If even the attempt was forbidden, then the limit wasn't ability to do so—
"…So it isn't about succeeding or failing to do so," she whispered.
"It's about the intent."
She leaned forward, hands gripping the edge of the bed, patience gone.
"But Zarius, what difference does a word make?"
He stood and stepped to the window, staring out into the dark.
"That one word changes everything about knowing the Exim's true nature."
He turned back, his voice low.
"The moment a Handler intends to cross that line… the Exim shifts."
His hands clenched into tight fists.
"It stops being just power. It becomes an endless hunger. A self-sustaining predator, always hunting for lifelines to devour."
He tilted his head, locking eyes with her.
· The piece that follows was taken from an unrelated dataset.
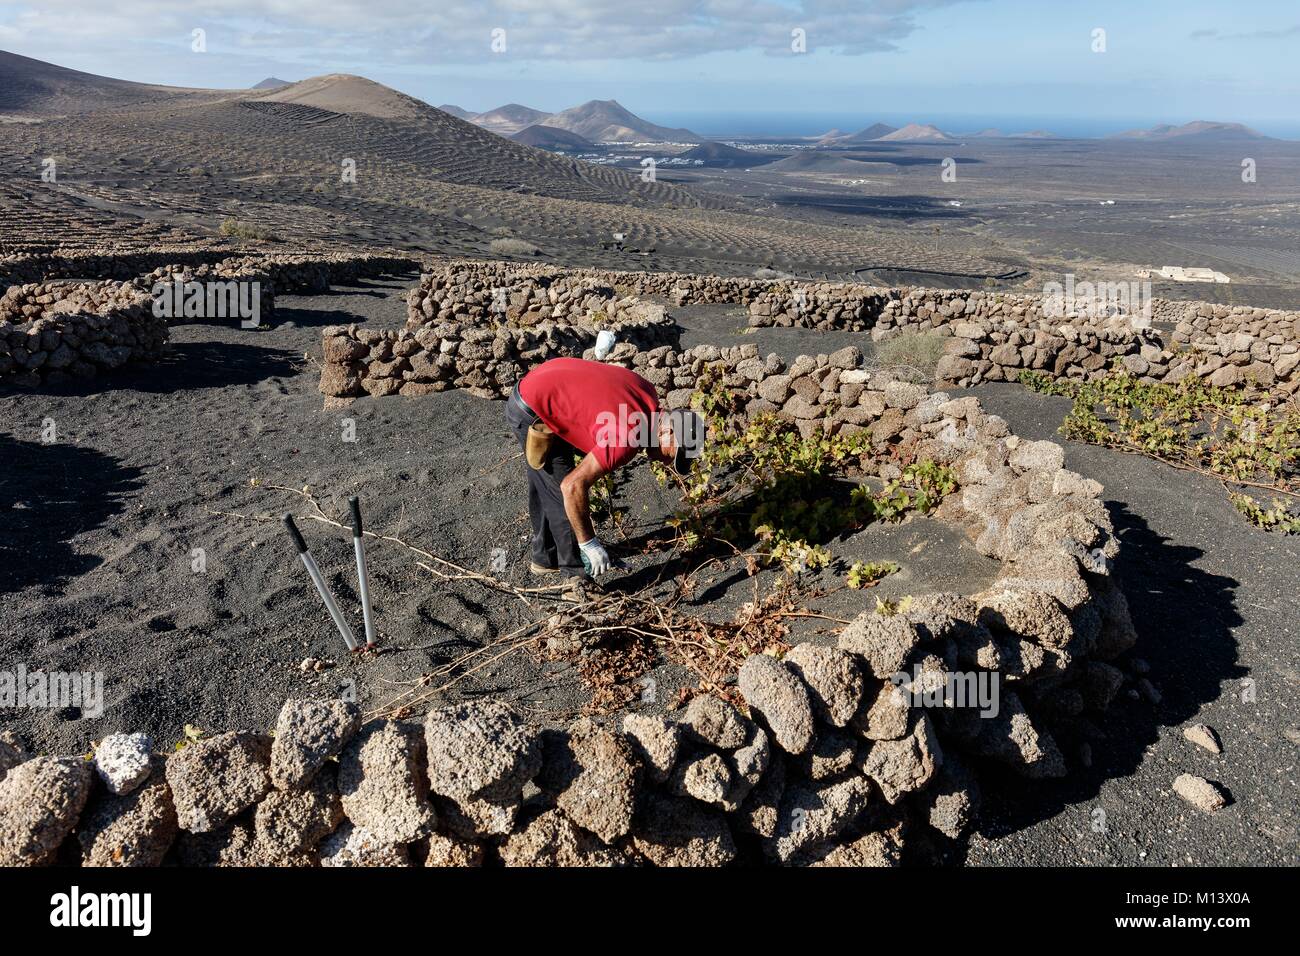 Spagna Isole Canarie Lanzarote Island, La Geria, potatura vinegrower vite protetto da stone pareti basse in lapilli (sabbia vulcanica) prima di vulcani Foto Stock
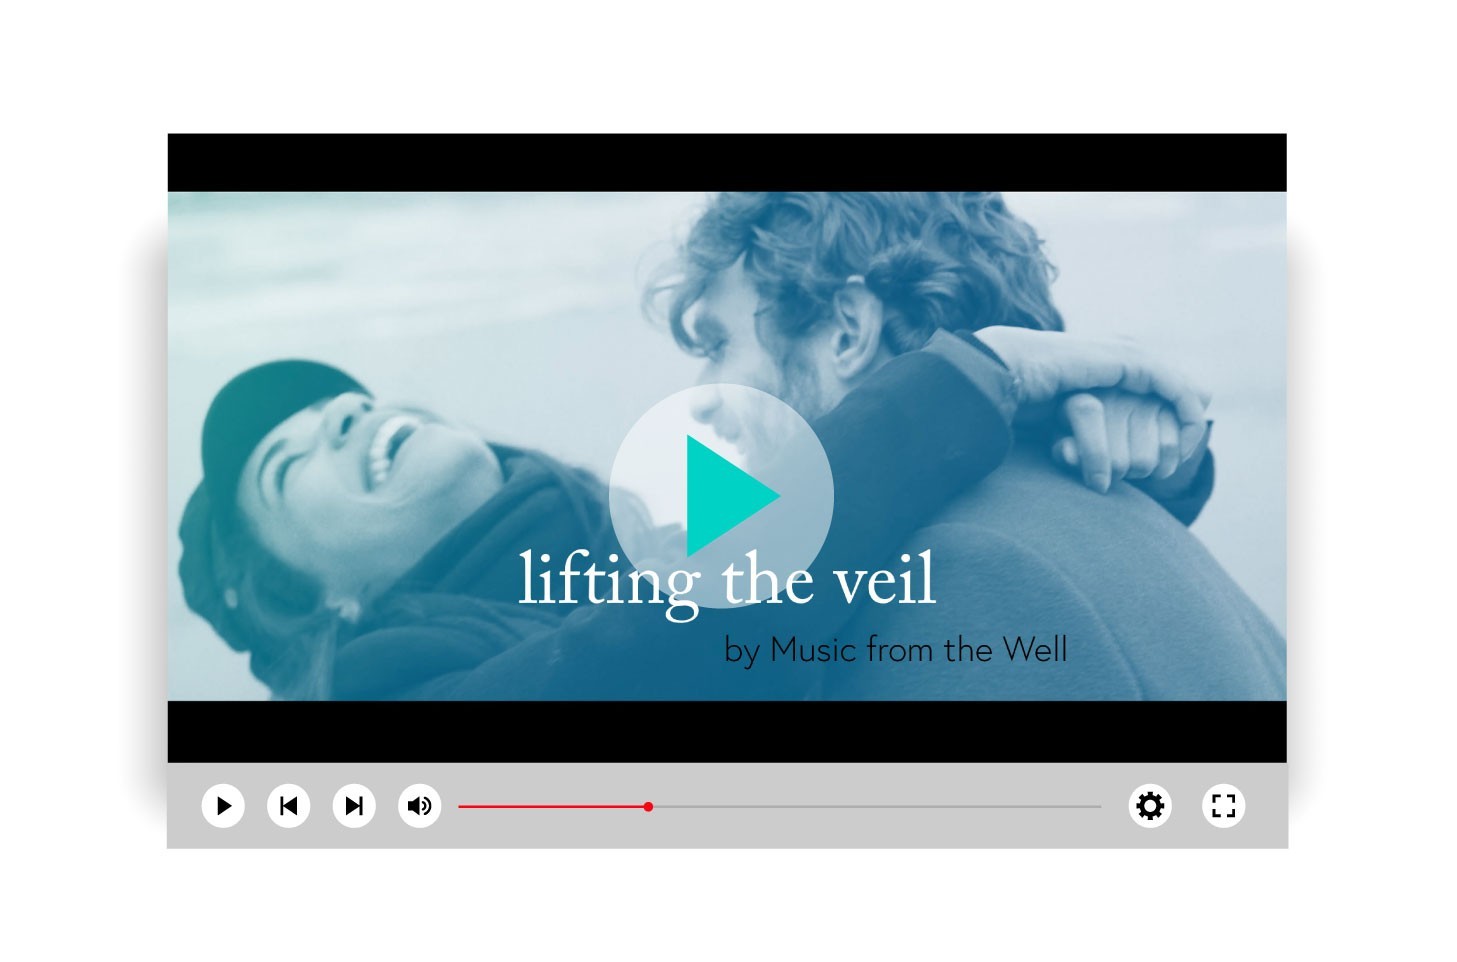 Video – “Lifting the Veil”

"That's why Moriana keeps growing stronger. Her Exim didn't just evolve—it found you."
Silence crashed down.
Yulia's fingers released the bed sheet.
"…So her power isn't just hers," she murmured.
"It's also my life she's feeding on."
"And when you're gone," Zarius said flatly,
"It won't stop... It will look for another... It might be any one of us."
She inhaled once, shifting her gaze from him for a second.
"That's why... you want to do it."
She rubbed her hair and looked back again to him.
"Damn it. It's not enough, Zarius. You're connecting dots that might not even be there."
"I'm not gambling," he replied, his voice dead cold.
"I might be next."
He didn't wait for a reply. He turned and stepped into the shadows of the hallway.
The door clicked softly behind him, leaving his fear lingering in the air like smoke.